A. My job title is global business manufacturing leader for polyols, polyglycols, and surfactants. I work in Chatsworth, Texas. I am responsible for leading the manufacturing organizations for two global business units, including 23 plants located in 13 countries. I’m responsible for about 500 people worldwide, and account able for the environmental, health, safety, cost, operating reliability, employee satisfaction, product consistency, and customer loyalty for all plants and their products. I represent manufacturing and engineering on two global business teams with the poly urethanes and specialty chemical businesses where we prioritize and approve more than $100 million annually to optimize our global asset base and ensure the most effective operation.
Q. What do you like most about your job?
A. What I like most is being able to see the impact of my work on measurable results. I like seeing our business grow with new product offerings for consumers. I enjoy helping people in the company match their talents against job requirements and watching them grow in their career development.
Q. What do you find most challenging about your job?
A. What I find most challenging is that I have higher quality expectations of my work than I am sometimes able to fulfill. Some times daily time constraints limit the time I have to complete all the tasks I need to handle, especially when my responsibilities stretch across home, family, and work commitments.
Q. Why did you decide to become a chemical engineer?
A. In high school, I was good at math and chemistry, and I loved technical subjects. My dad was an engineer, so it was easy to choose engineering as my degree. In college, I joined a cooperative education program, where a student alternates going to school and working in industry every other semester. It was during one of my co-op assignments that I discovered that I loved the fast pace and the challenge of the manufacturing environment. I have spent 20 years of my 25-year career in plant management roles.
Q. What type of educational path did you pursue to become a chemical engineer?

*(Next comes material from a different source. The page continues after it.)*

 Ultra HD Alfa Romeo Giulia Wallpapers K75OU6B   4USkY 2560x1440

A. I have a bachelor of science in chemical engineering from Iowa State University. Iowa State offers an alternating cooperative education program where students can experience working in industry during their school curriculum. This allows students to try out different career options before they graduate. It takes a year longer to graduate, but the advantage of knowing the kind of work you enjoy far outweighs the extra school year.
Q. What are the most important professional qualities for chemical engineers?

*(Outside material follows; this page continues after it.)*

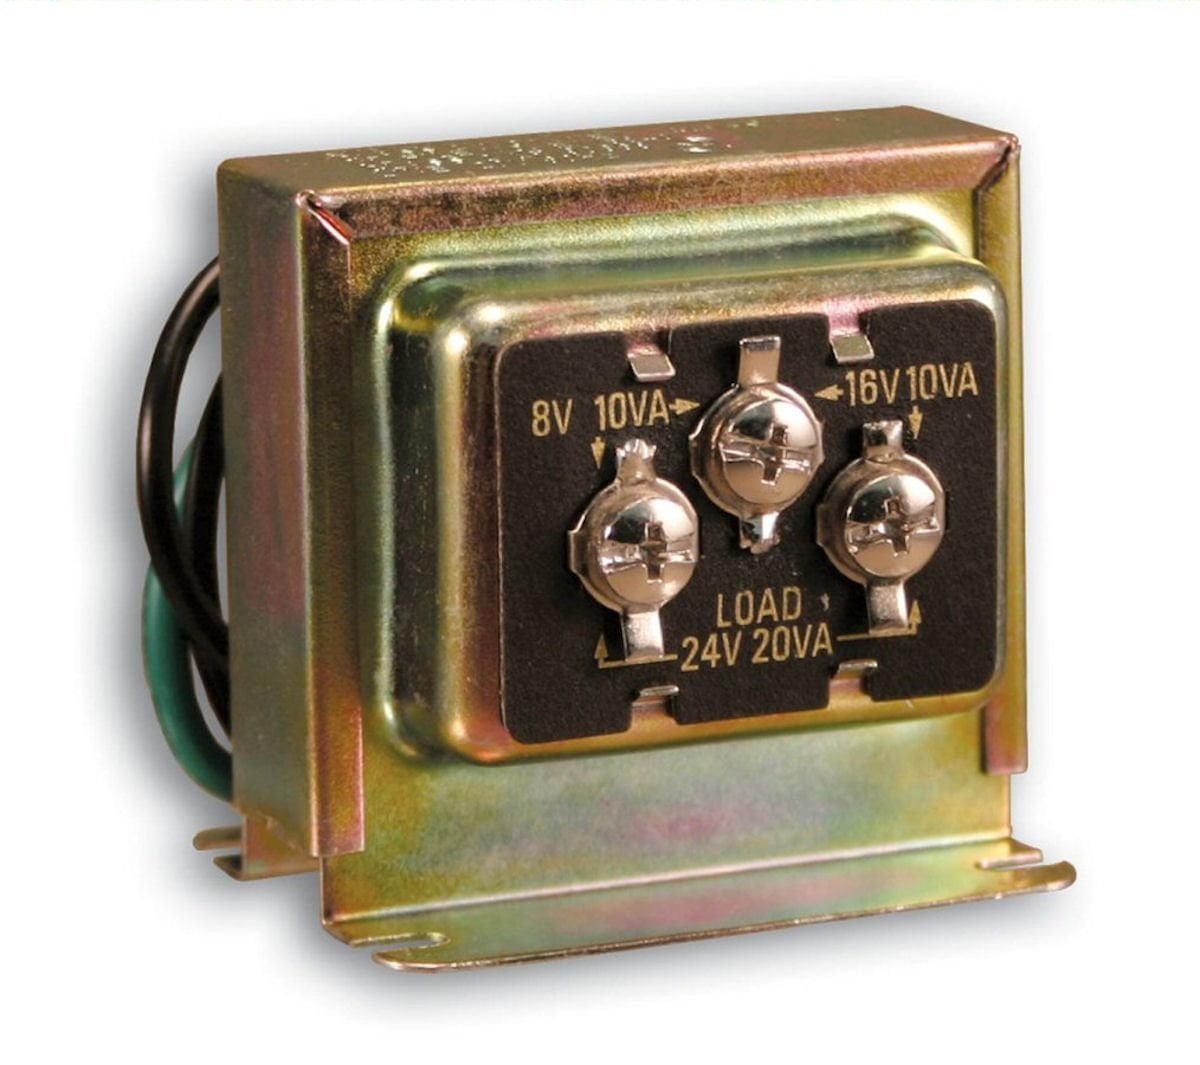 Sl 125 02 Wired Door Chime Transformer Low Voltage Hardwired Edwards Transformers Wiring Diagram By Heath Zenith

A. I think the most important professional qualities for a chemical engineer are the same as for any other profession. You need to be able to learn quickly, because the world is continuously changing and work demands change frequently. You need to be able to demonstrate the ability to get results even under difficult conditions. You need to be resilient under pressure. And you need to be able to network with a large and diverse population in the workforce.

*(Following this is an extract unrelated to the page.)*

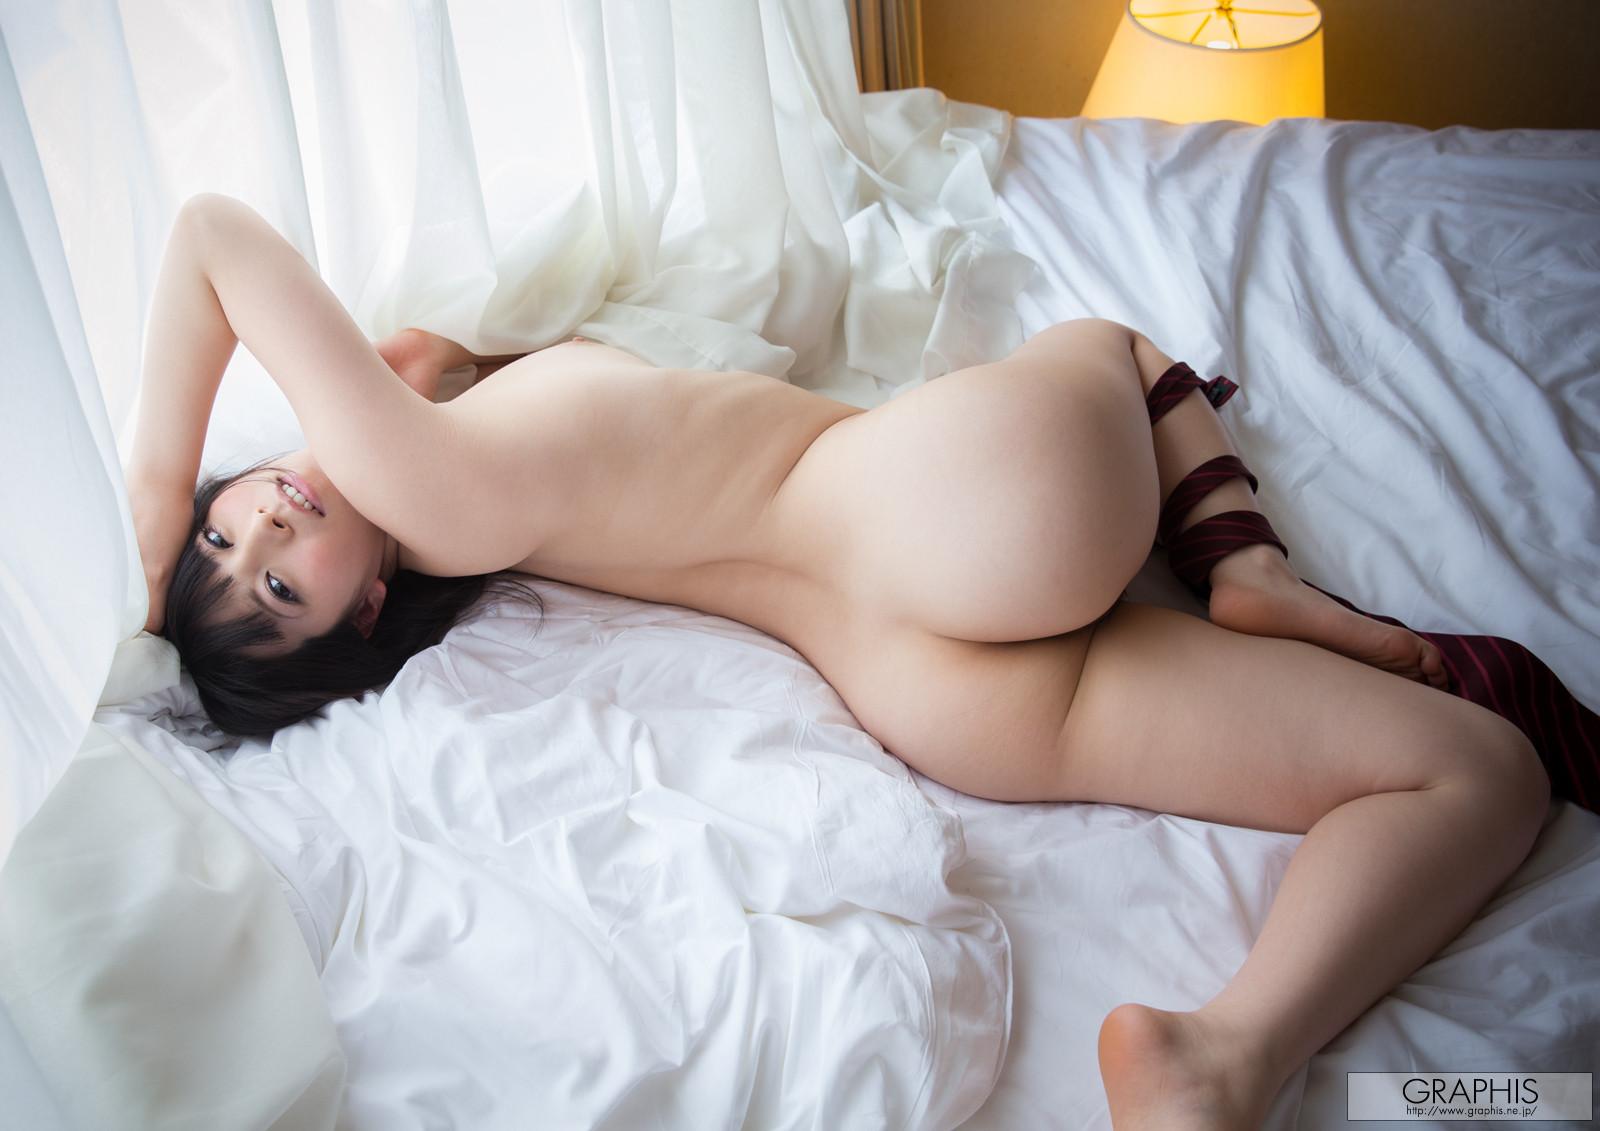 Ai Uehara Sex Doll ai uehara porn pic - eporner

Q. What advice would you give to high school students who are interested in this career?
A. High school and college students should get involved in as many different kinds of sports, clubs, and classes as they can to discover for themselves what they are good at, and what they enjoy. This will help them choose a career that aligns their personal values with their work environment. If a student is interested in chemical engineering, they should talk to someone who is currently practicing this profession, or ask to shadow them for a day to see what a typical day is like. They could also visit career fairs, typically offered to high school and college students, and talk to companies that hire chemical engineers. They can also use Google [ other search engines] and check out what information is available online. Most companies have job links that describe their company and the jobs available.